- [Required work]
Restate each line of the listing exactly, without carrying over any pictures.

** Opening Data provided block **

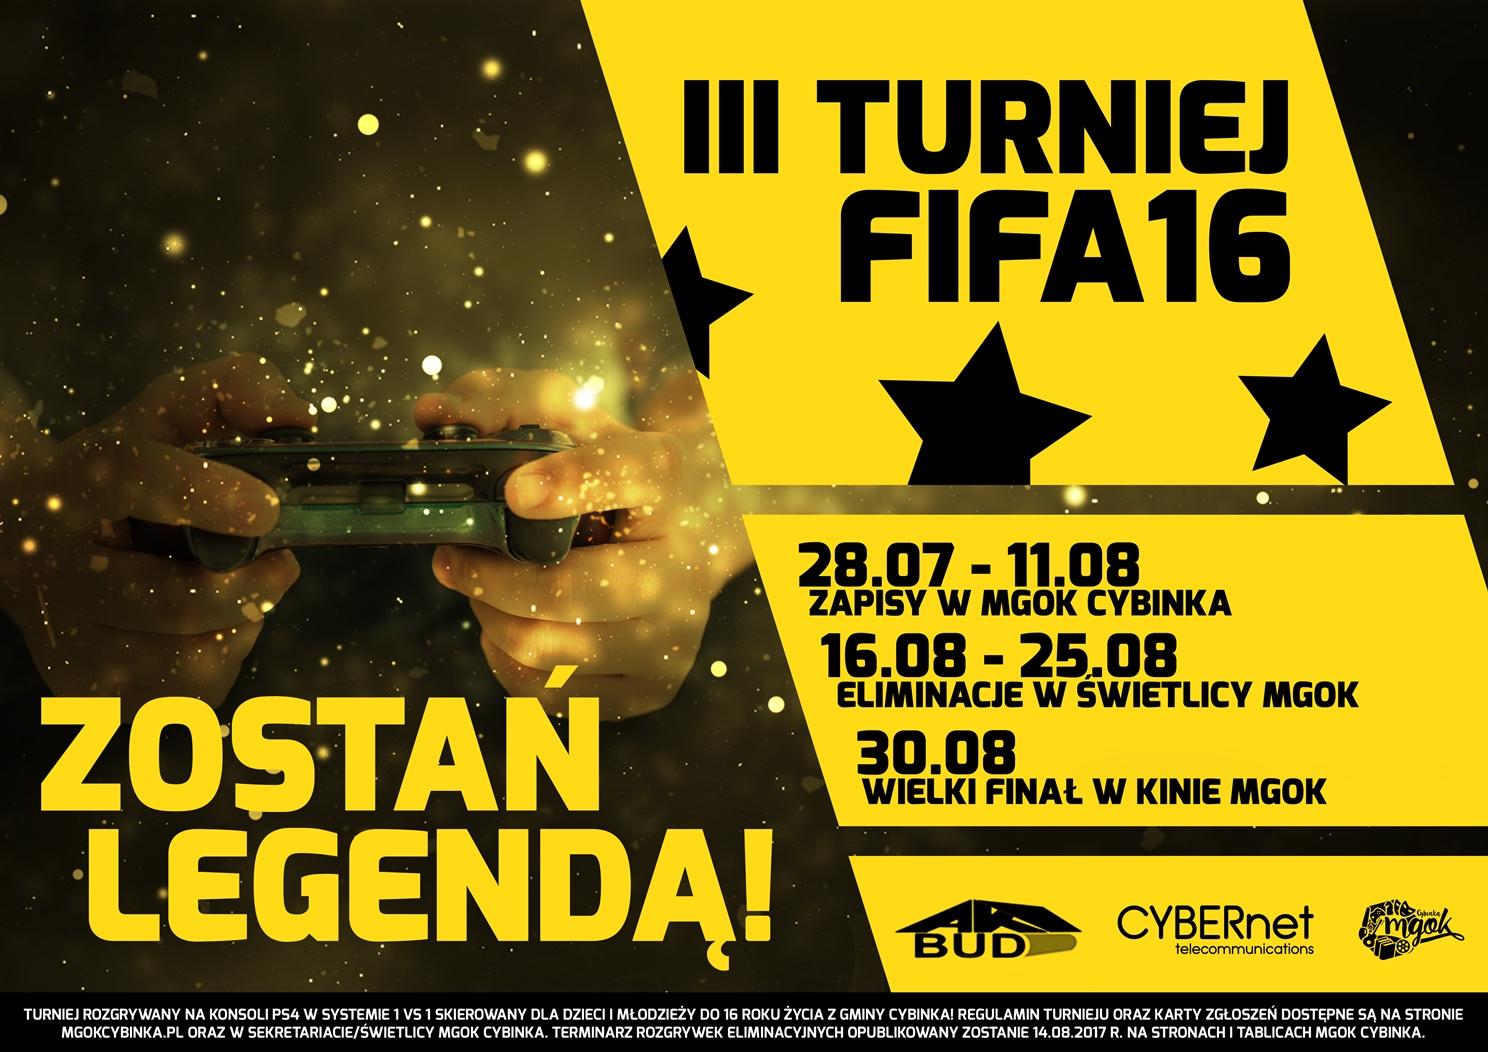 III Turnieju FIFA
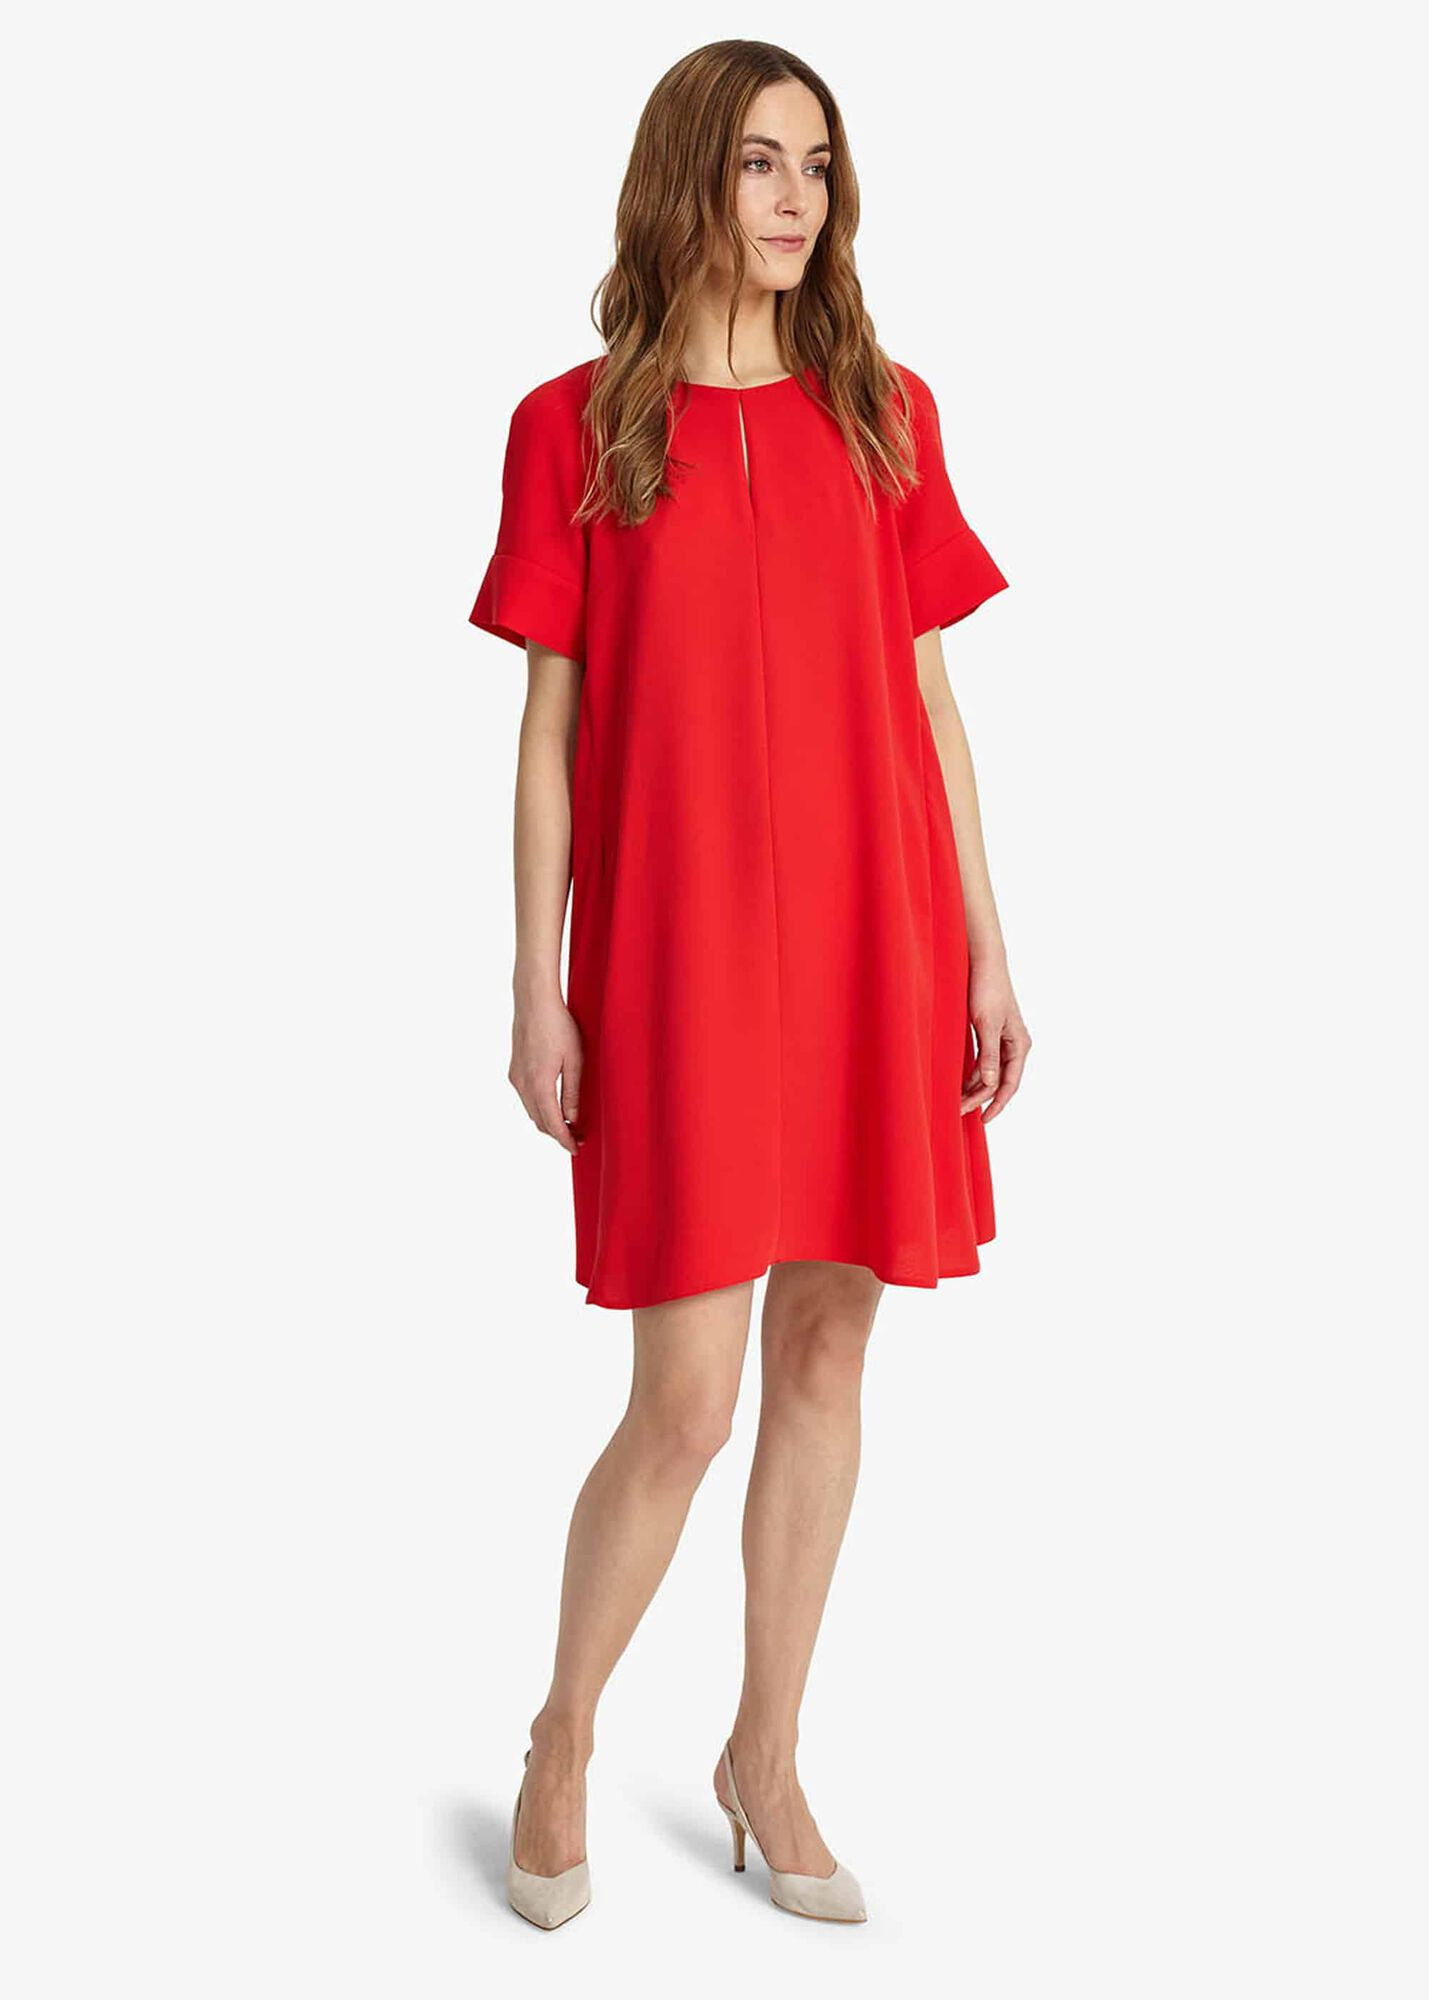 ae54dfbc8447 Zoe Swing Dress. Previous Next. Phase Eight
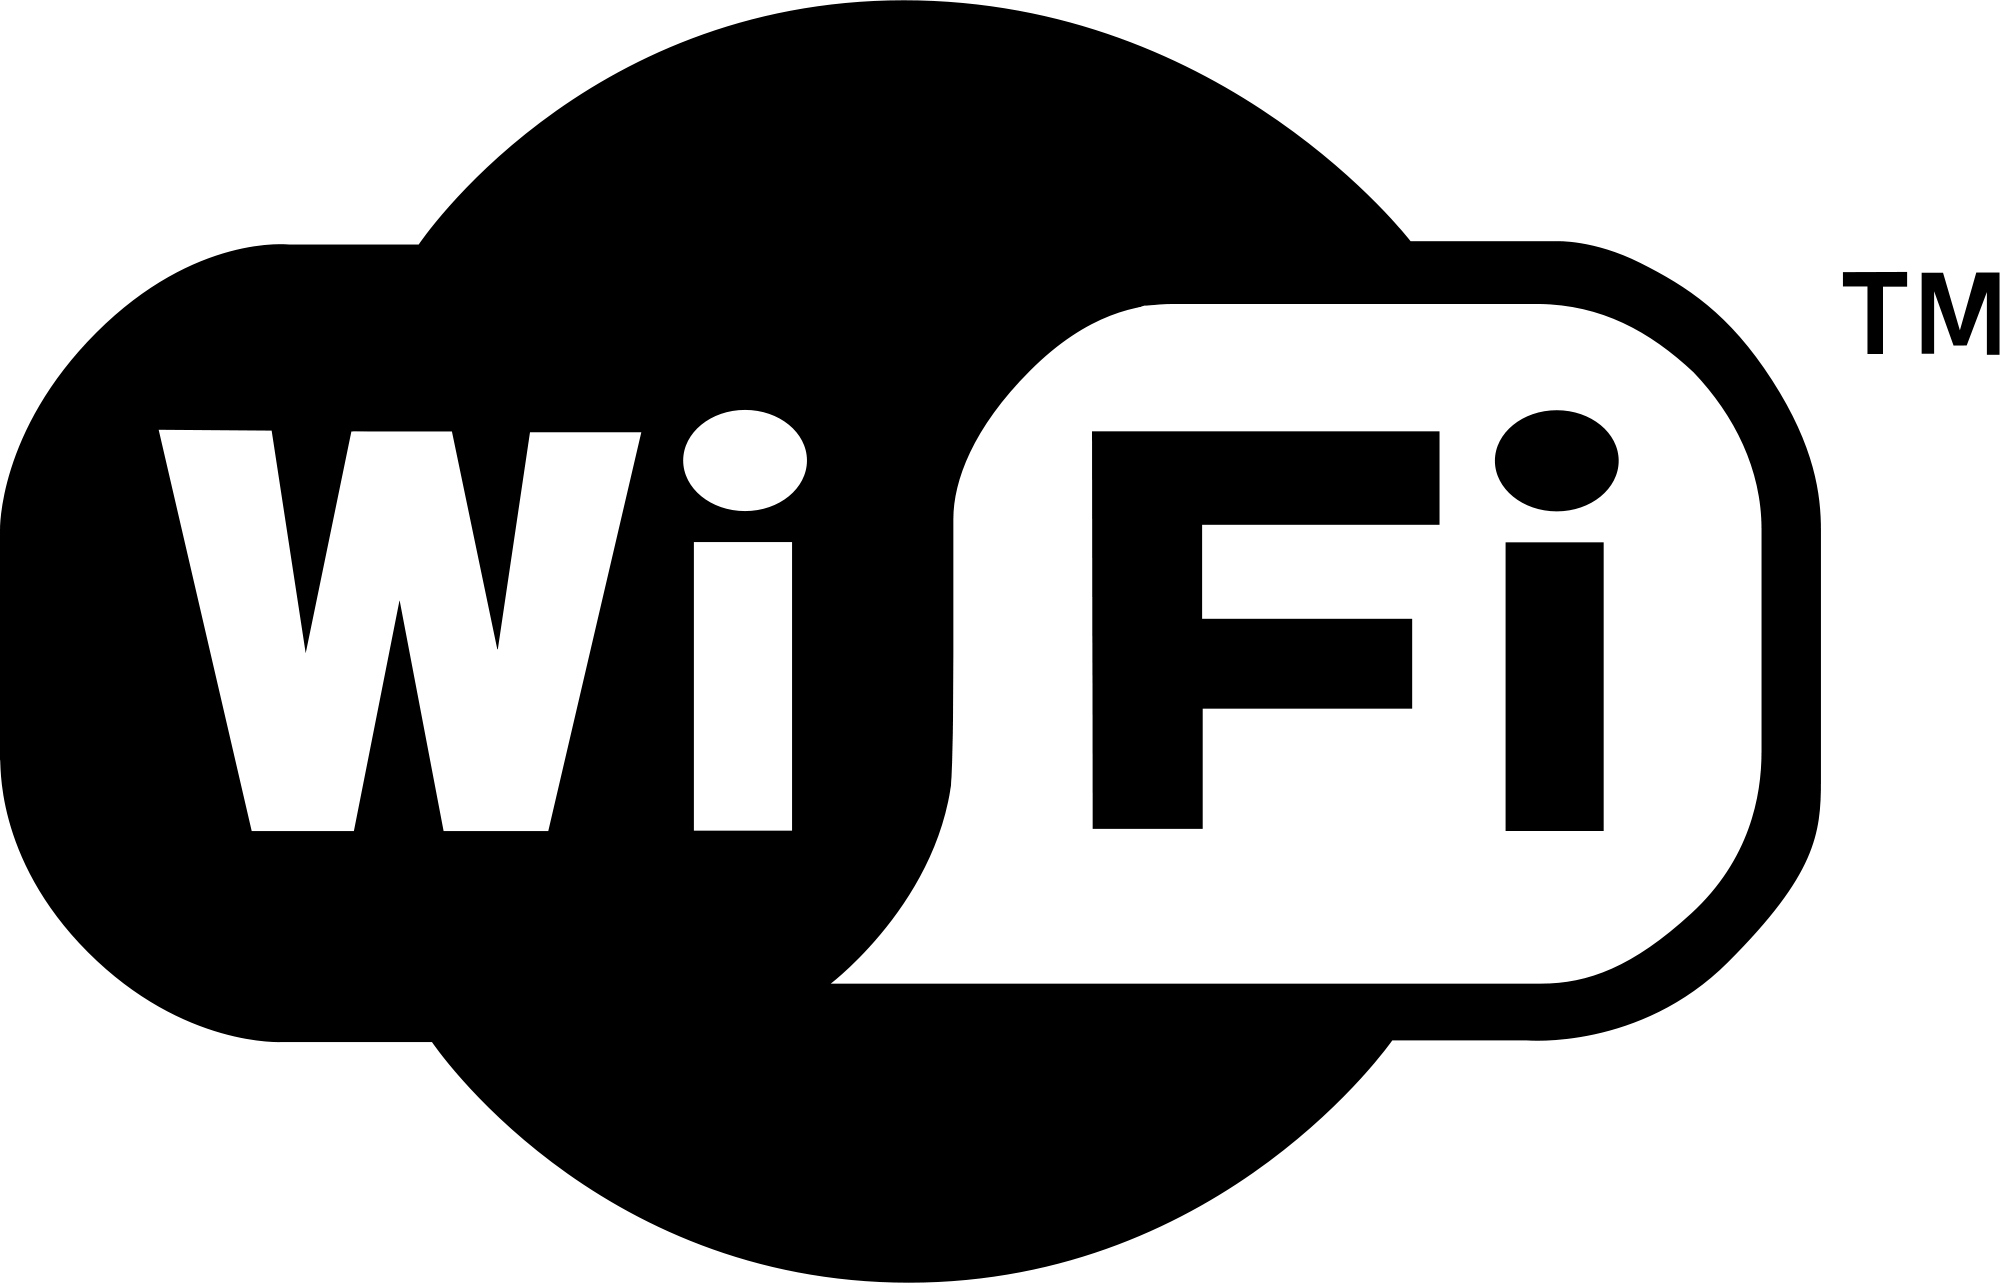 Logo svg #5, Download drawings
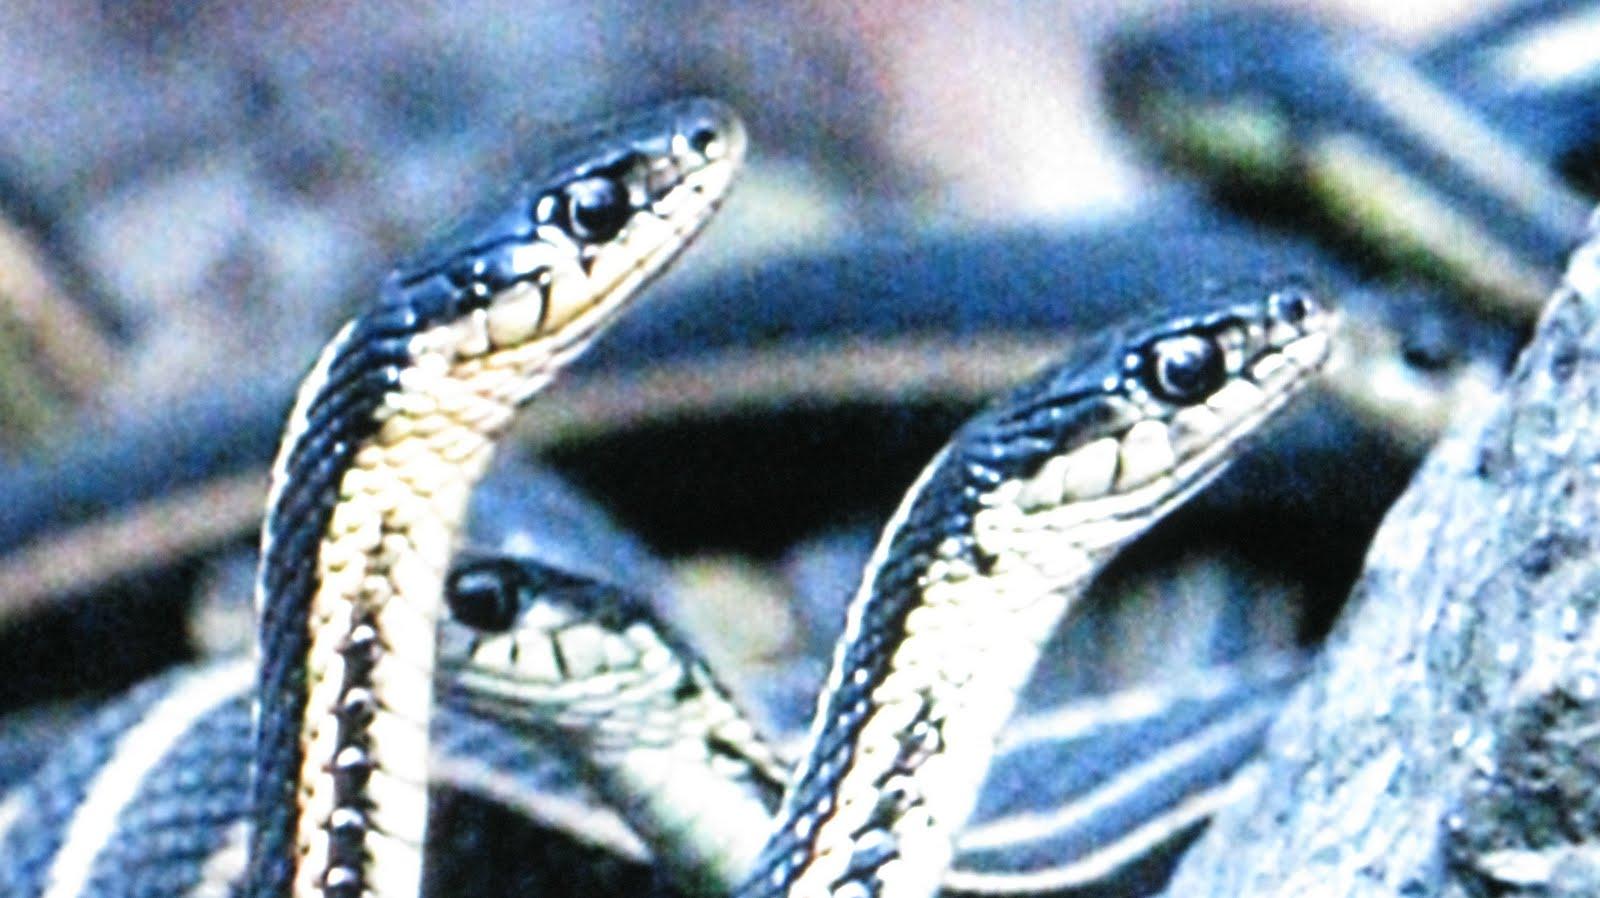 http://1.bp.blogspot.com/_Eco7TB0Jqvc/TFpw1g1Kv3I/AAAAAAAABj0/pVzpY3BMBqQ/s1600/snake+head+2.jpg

** Closing Data provided block **

- [Finished task]
 III Turnieju FIFA
 ae54dfbc8447 Zoe Swing Dress. Previous Next. Phase Eight
 Logo svg #5, Download drawings
 http://1.bp.blogspot.com/_Eco7TB0Jqvc/TFpw1g1Kv3I/AAAAAAAABj0/pVzpY3BMBqQ/s1600/snake+head+2.jpg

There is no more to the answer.